Dosage and Administration
Adult: Dose varies based on ovarian response, typically 75-225 IU daily for 5-12 days, administered via deep subcutaneous or intramuscular injection.
Pediatric: Not typically used in pediatric populations.
Geriatric: Use with caution; no specific dosage adjustments, but response can be diminished in older women.
Renal Impairment: No specific adjustments, but monitor response.
Hepatic Impairment: No specific adjustments. Caution advised due to limited data.
Pharmacokinetics
Absorption: Absorbed via injection (parenteral).
Distribution: Distributed in extracellular fluid; crossing of the blood-brain barrier is minimal.
Metabolism: Metabolized by the liver and kidneys.
Excretion: Excreted primarily via the kidneys.
Half Life: Approximately 6-8 hours, but varies depending on individual response.
Contraindications
- Hypersensitivity to FSH or other components.
- Ovarian tumors or estrogen-dependent tumors.
- Pregnancy (except in controlled ovarian stimulation).
Precautions
- Monitor ovarian response to avoid hyperstimulation.
- Evaluate for cysts or tumors before therapy.
Adverse Reactions - Common
- Ovarian hyperstimulation syndrome (OHSS) (Rare but serious)
- Multiple pregnancies (Increased risk)
- Injection site reactions (Common)
Adverse Reactions - Serious
- Severe ovarian hyperstimulation syndrome with thromboembolism, kidney failure (Rare)
- Allergic reactions: rash, urticaria, bronchospasm (Rare)
Drug-Drug Interactions
- Corticosteroids may increase ovarian response.

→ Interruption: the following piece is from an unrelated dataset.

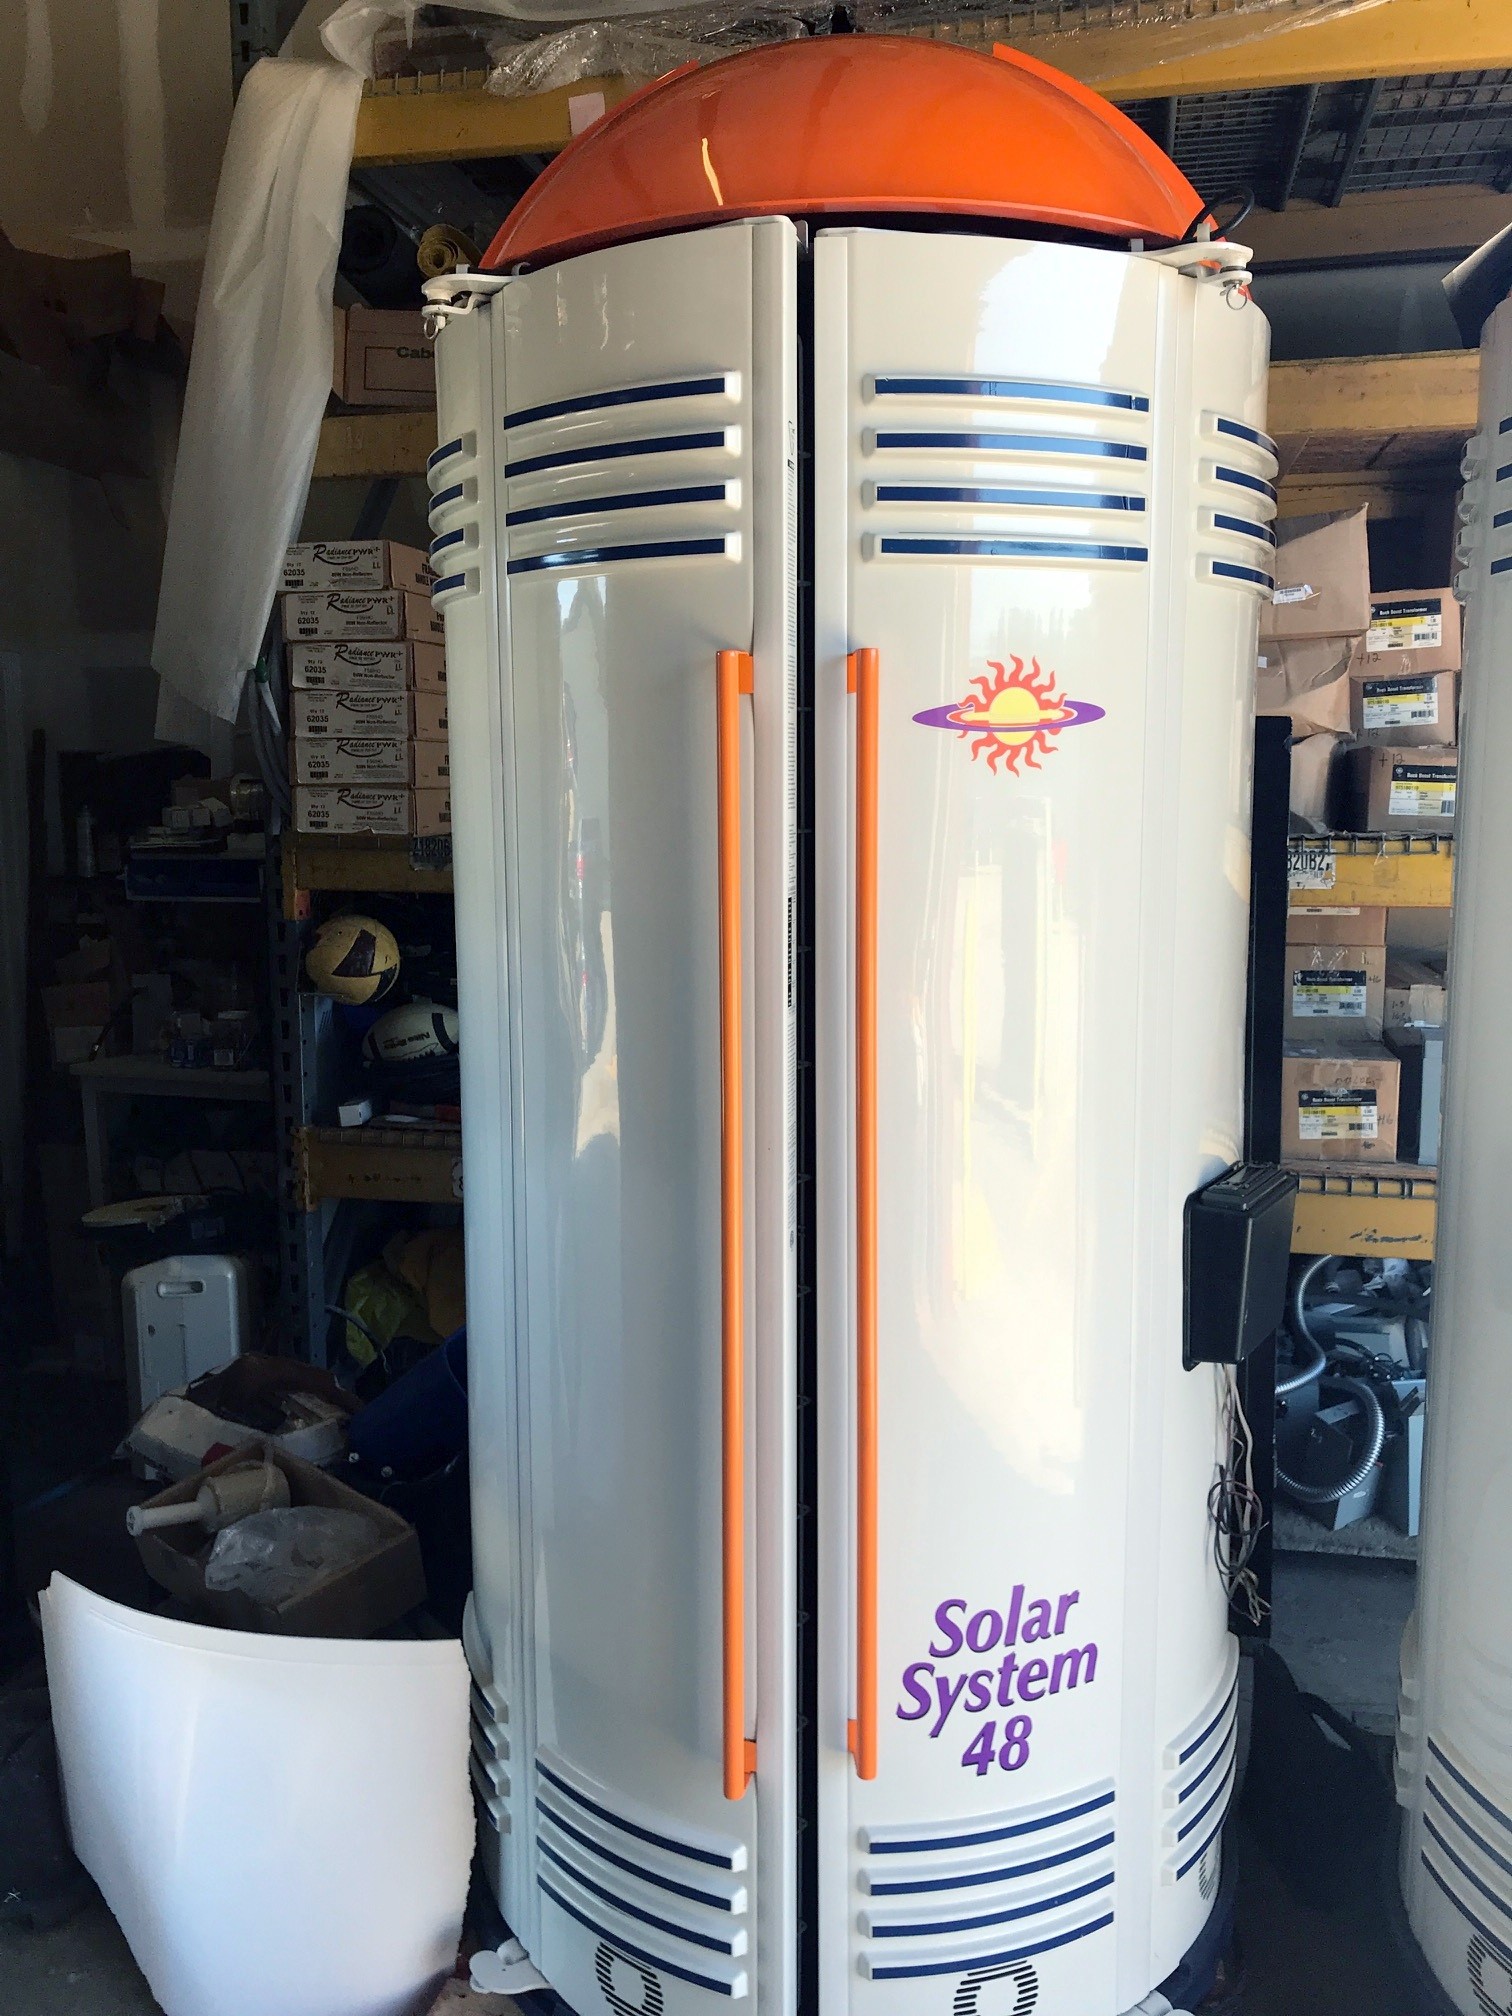 Wolff Tanning > Used - Stand Up Booths > 2003 Sundome XL48 Solar System VIP48 Tanning ...

- Other gonadotropins may increase risk of hyperstimulation.
Drug-Food Interactions
N/ADrug-Herb Interactions
N/ANursing Implications
Assessment: Monitor ovarian response via ultrasound and estrogen levels; assess for signs of OHSS.
Diagnoses:
- Risk for ovarian hyperstimulation syndrome
- Anxiety related to fertility treatments
Implementation: Administer as prescribed, typically daily injections; monitor for adverse reactions.
Evaluation: Assess ovarian response, occurrence of adverse effects, pregnancy status.
Patient/Family Teaching
- Report pain, swelling, or shortness of breath.
- Inform about risk of multiple pregnancy and hyperstimulation syndrome.
- Administer injections as instructed, maintaining sterile technique.
Special Considerations
Black Box Warnings:
- Risk of ovarian hyperstimulation syndrome (OHSS), potentially life-threatening.
- Multiple gestations with associated risk.
Genetic Factors: N/A
Lab Test Interference: N/A
Overdose Management
Signs/Symptoms: Severe ovarian hyperstimulation syndrome, multiple pregnancies.
Treatment: Discontinue drug, hospitalization if needed, manage symptoms, supportive care.
Storage and Handling
Storage: Refrigerate at 2-8°C, protect from light.
Stability: Stable until expiration date if kept refrigerated, generally 3 years.